-- Exercise aim --
Each line below must be reproduced exactly, though the pictures are to be dropped.

-- Data below --

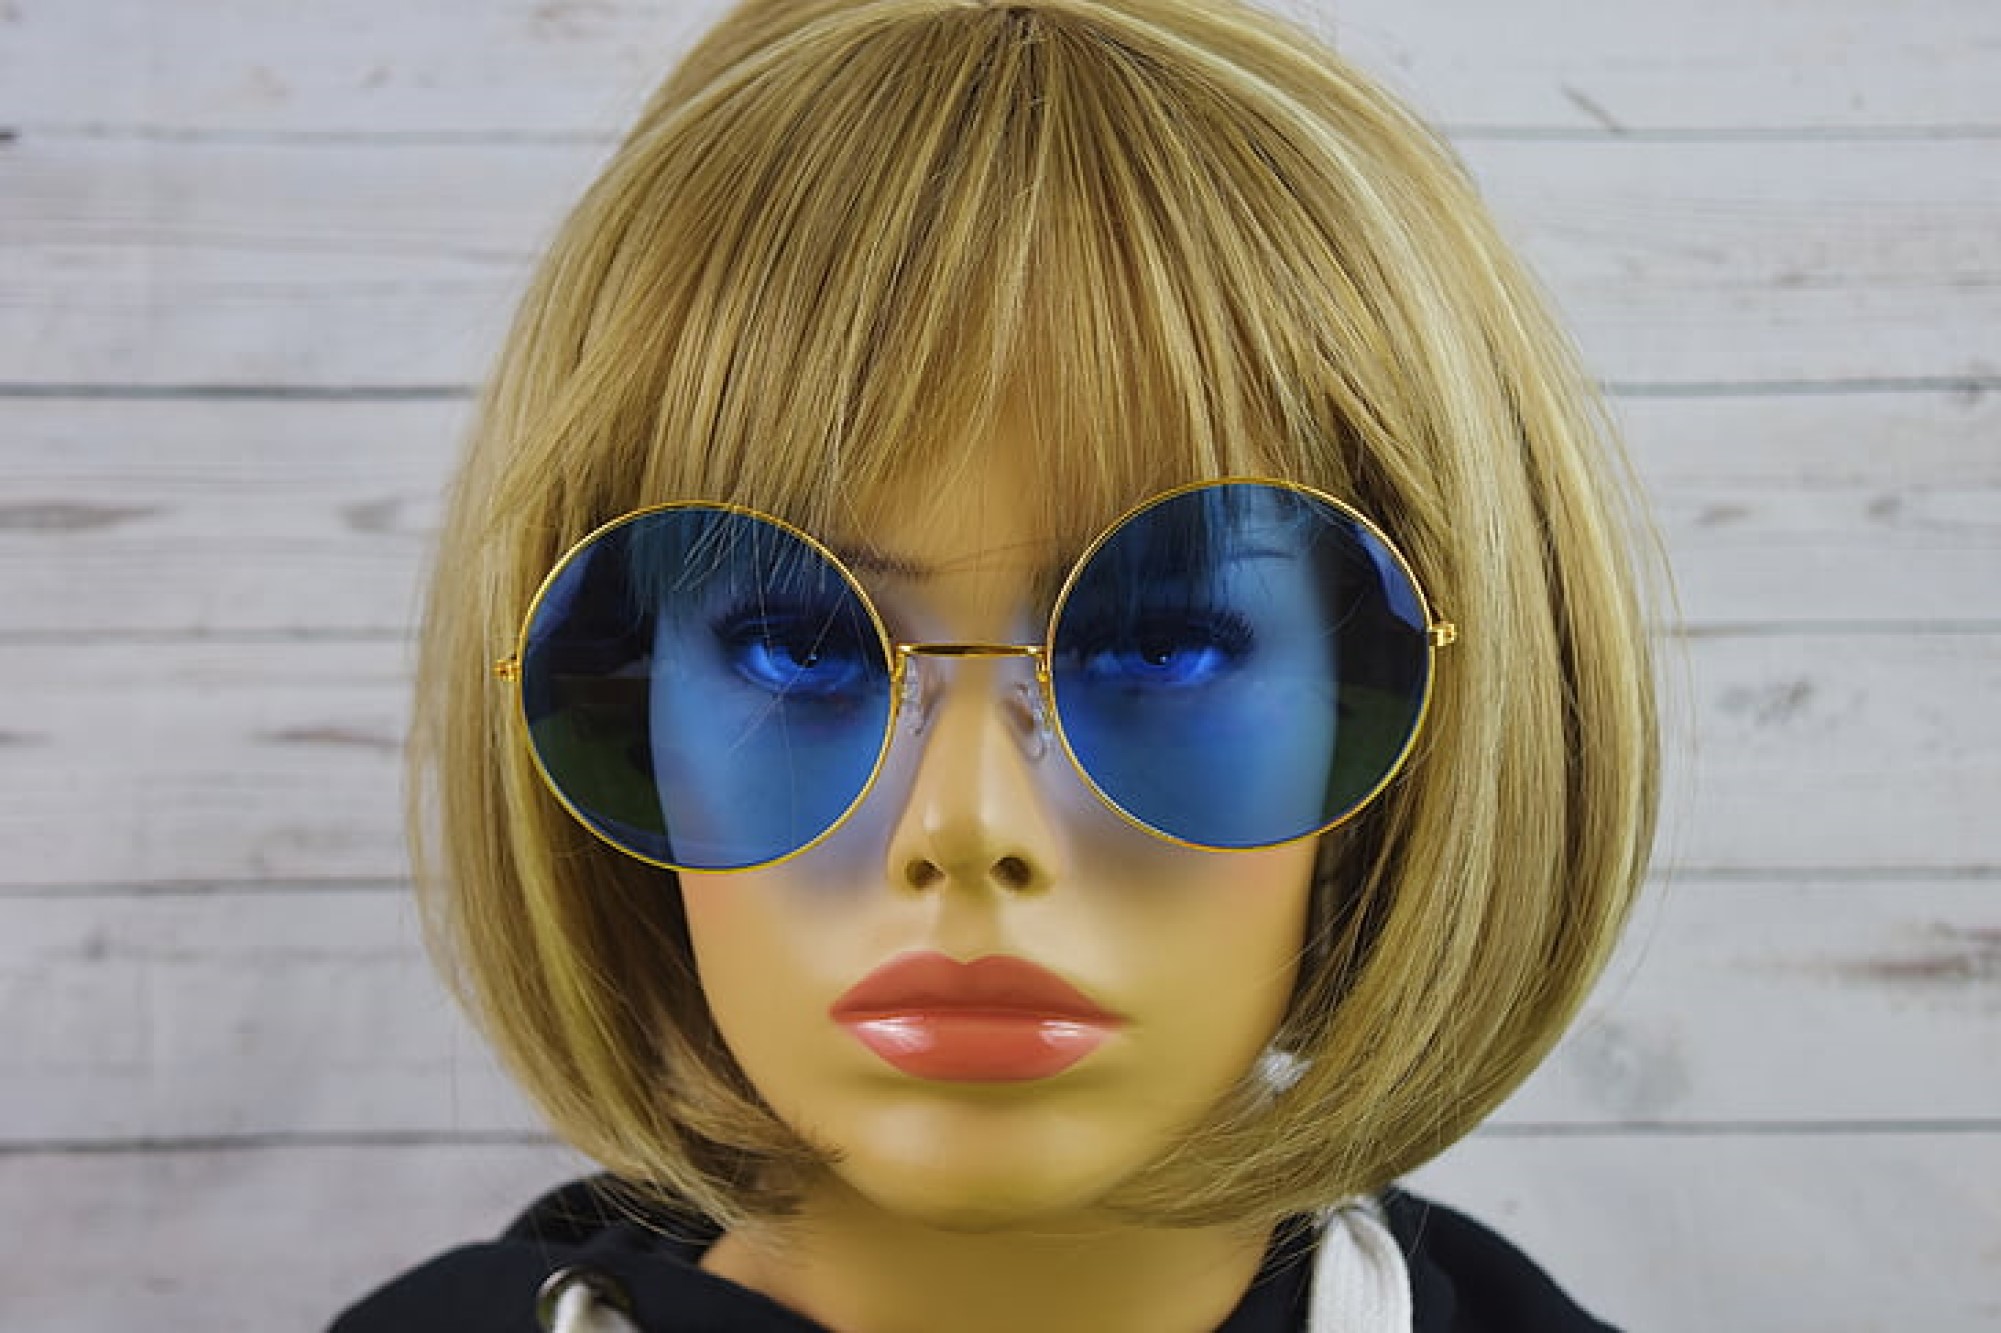 photograph of mannequin in sunglasses and wig
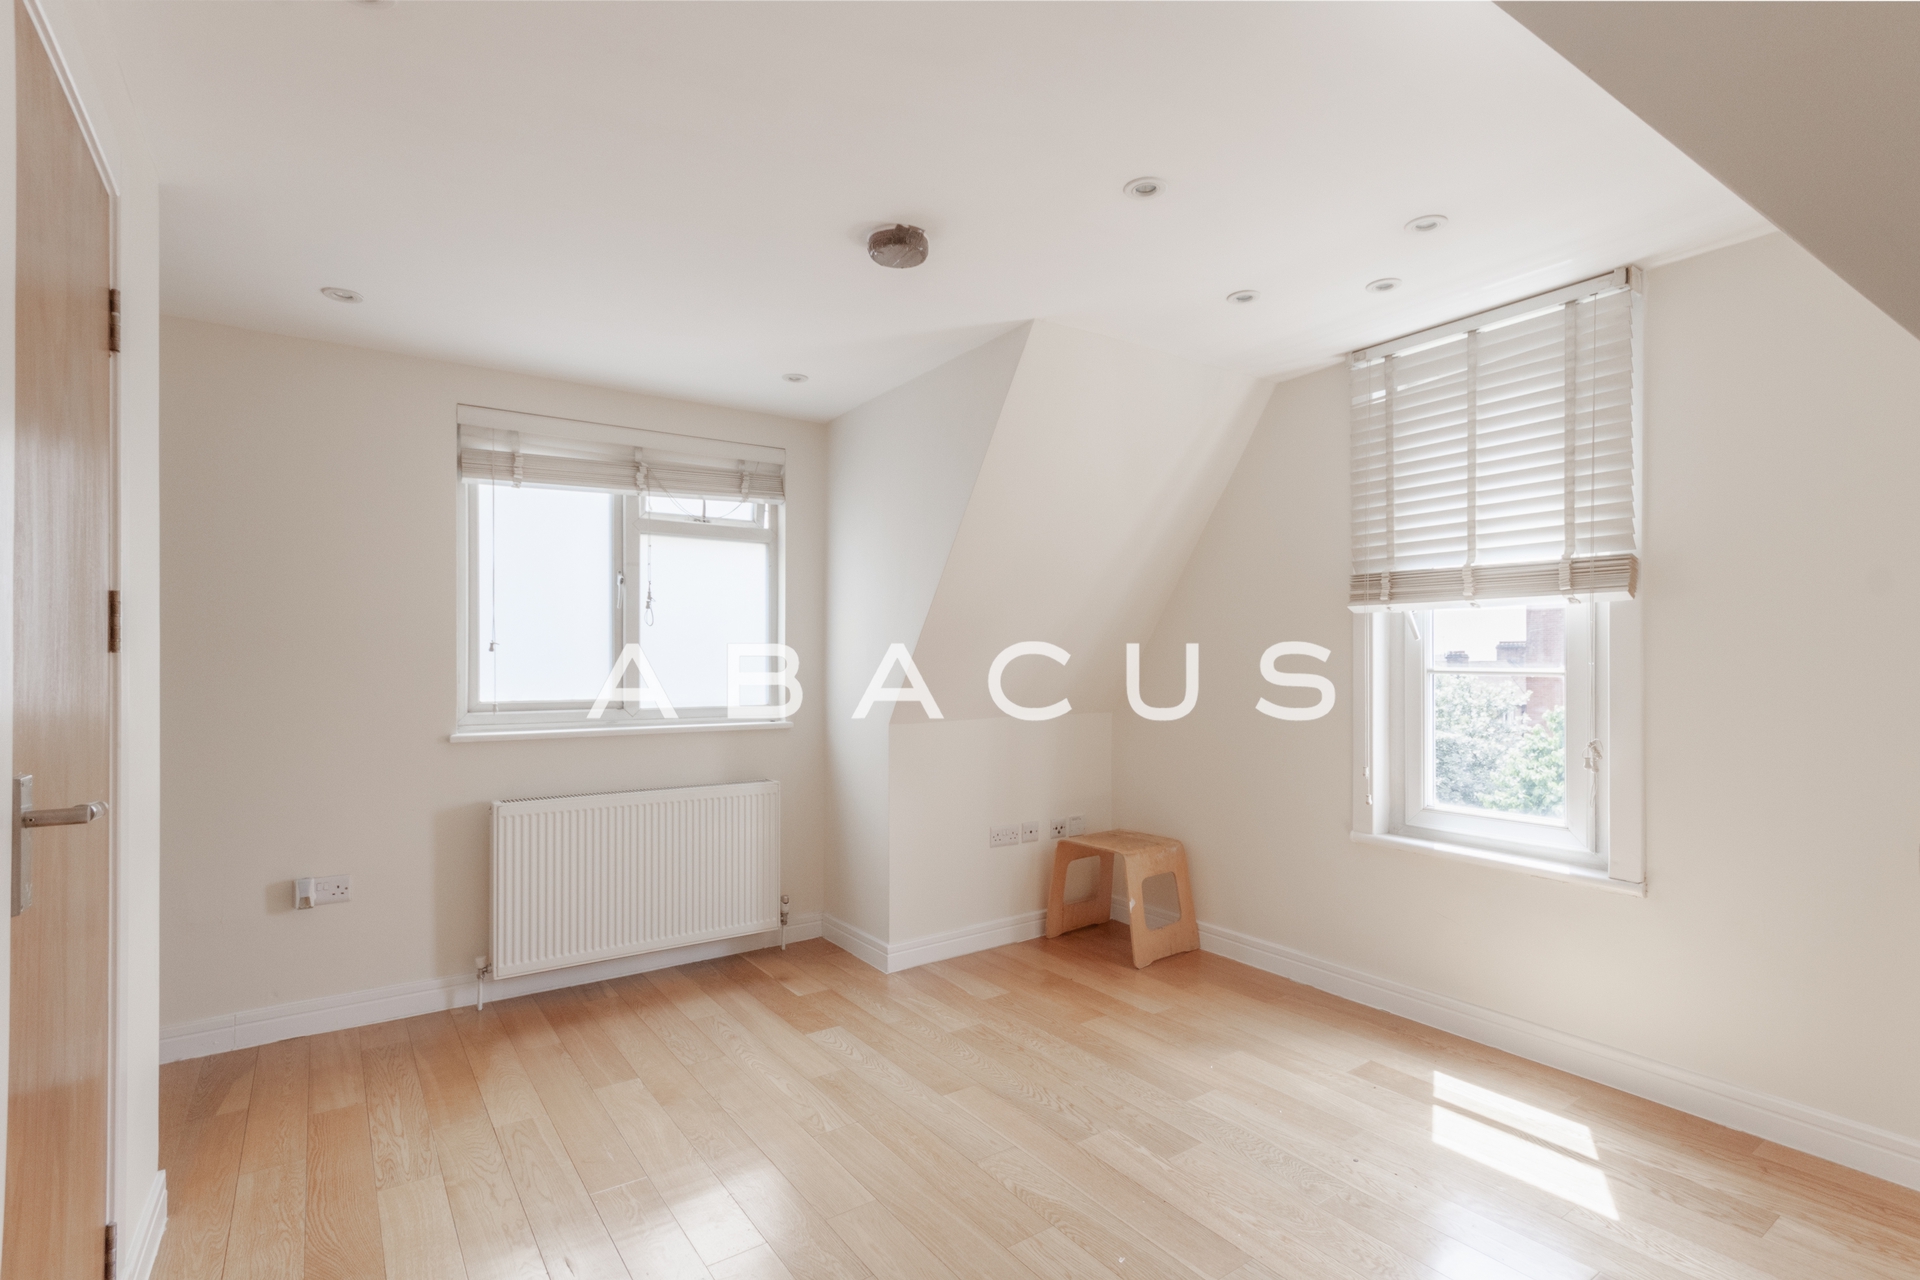 1 Bedroom Flat to rent in West Hampstead, London, NW6
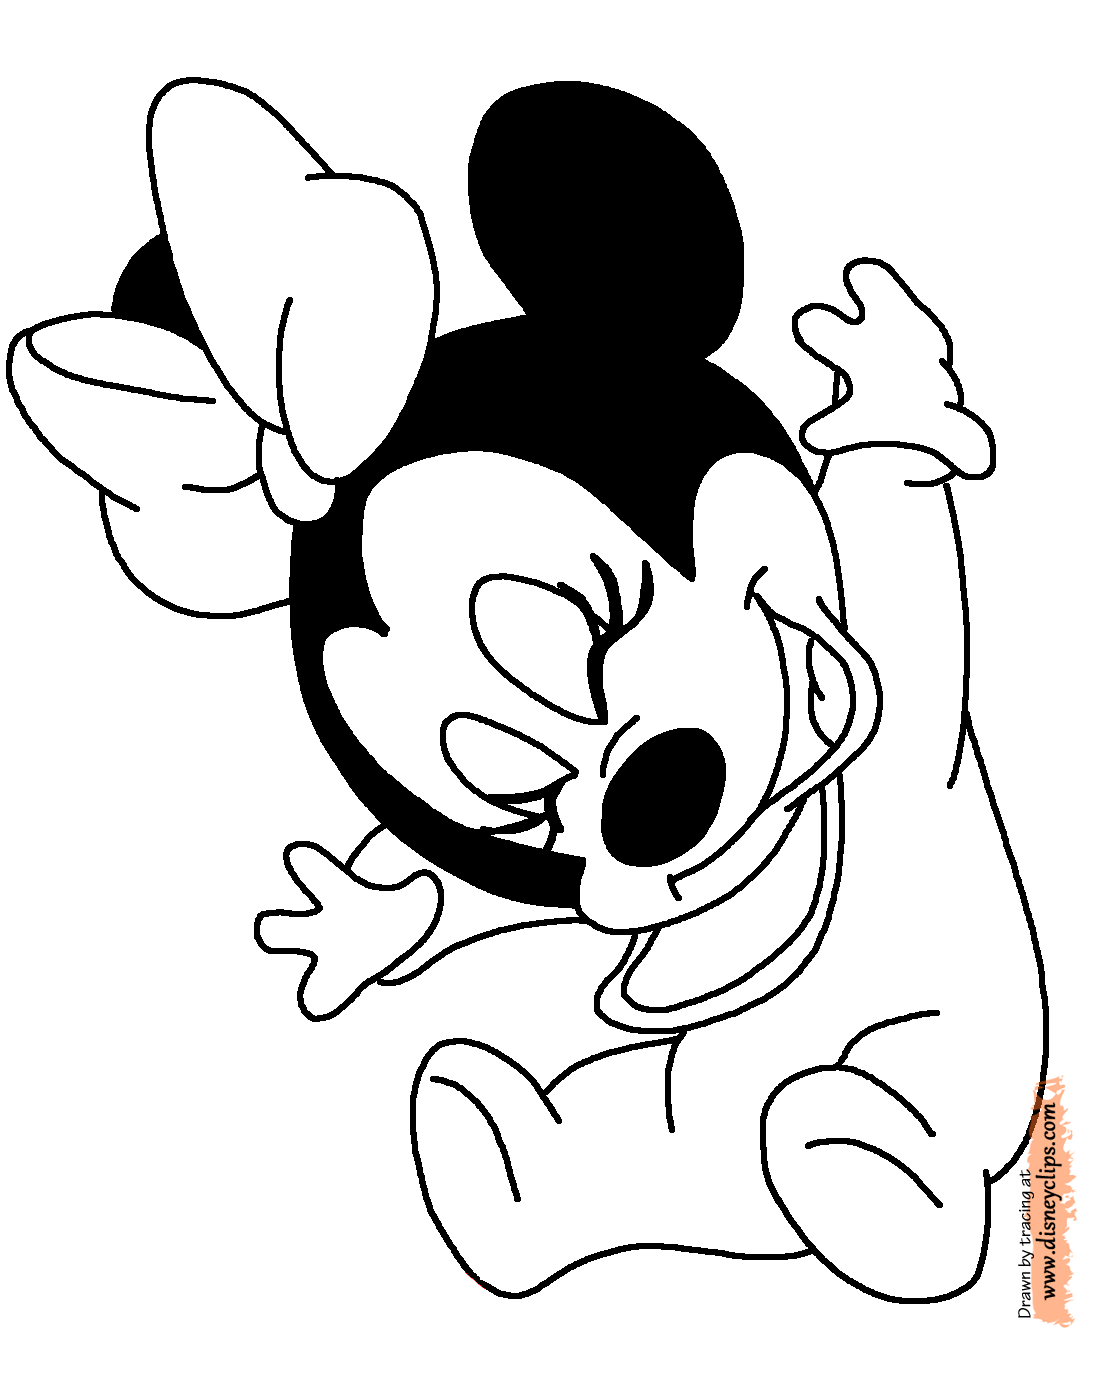 Download Best Baby Disney Character Coloring Pages Free | Big Collection Free Printable Coloring

-- Finished task --
 photograph of mannequin in sunglasses and wig
 1 Bedroom Flat to rent in West Hampstead, London, NW6
 Download Best Baby Disney Character Coloring Pages Free | Big Collection Free Printable Coloring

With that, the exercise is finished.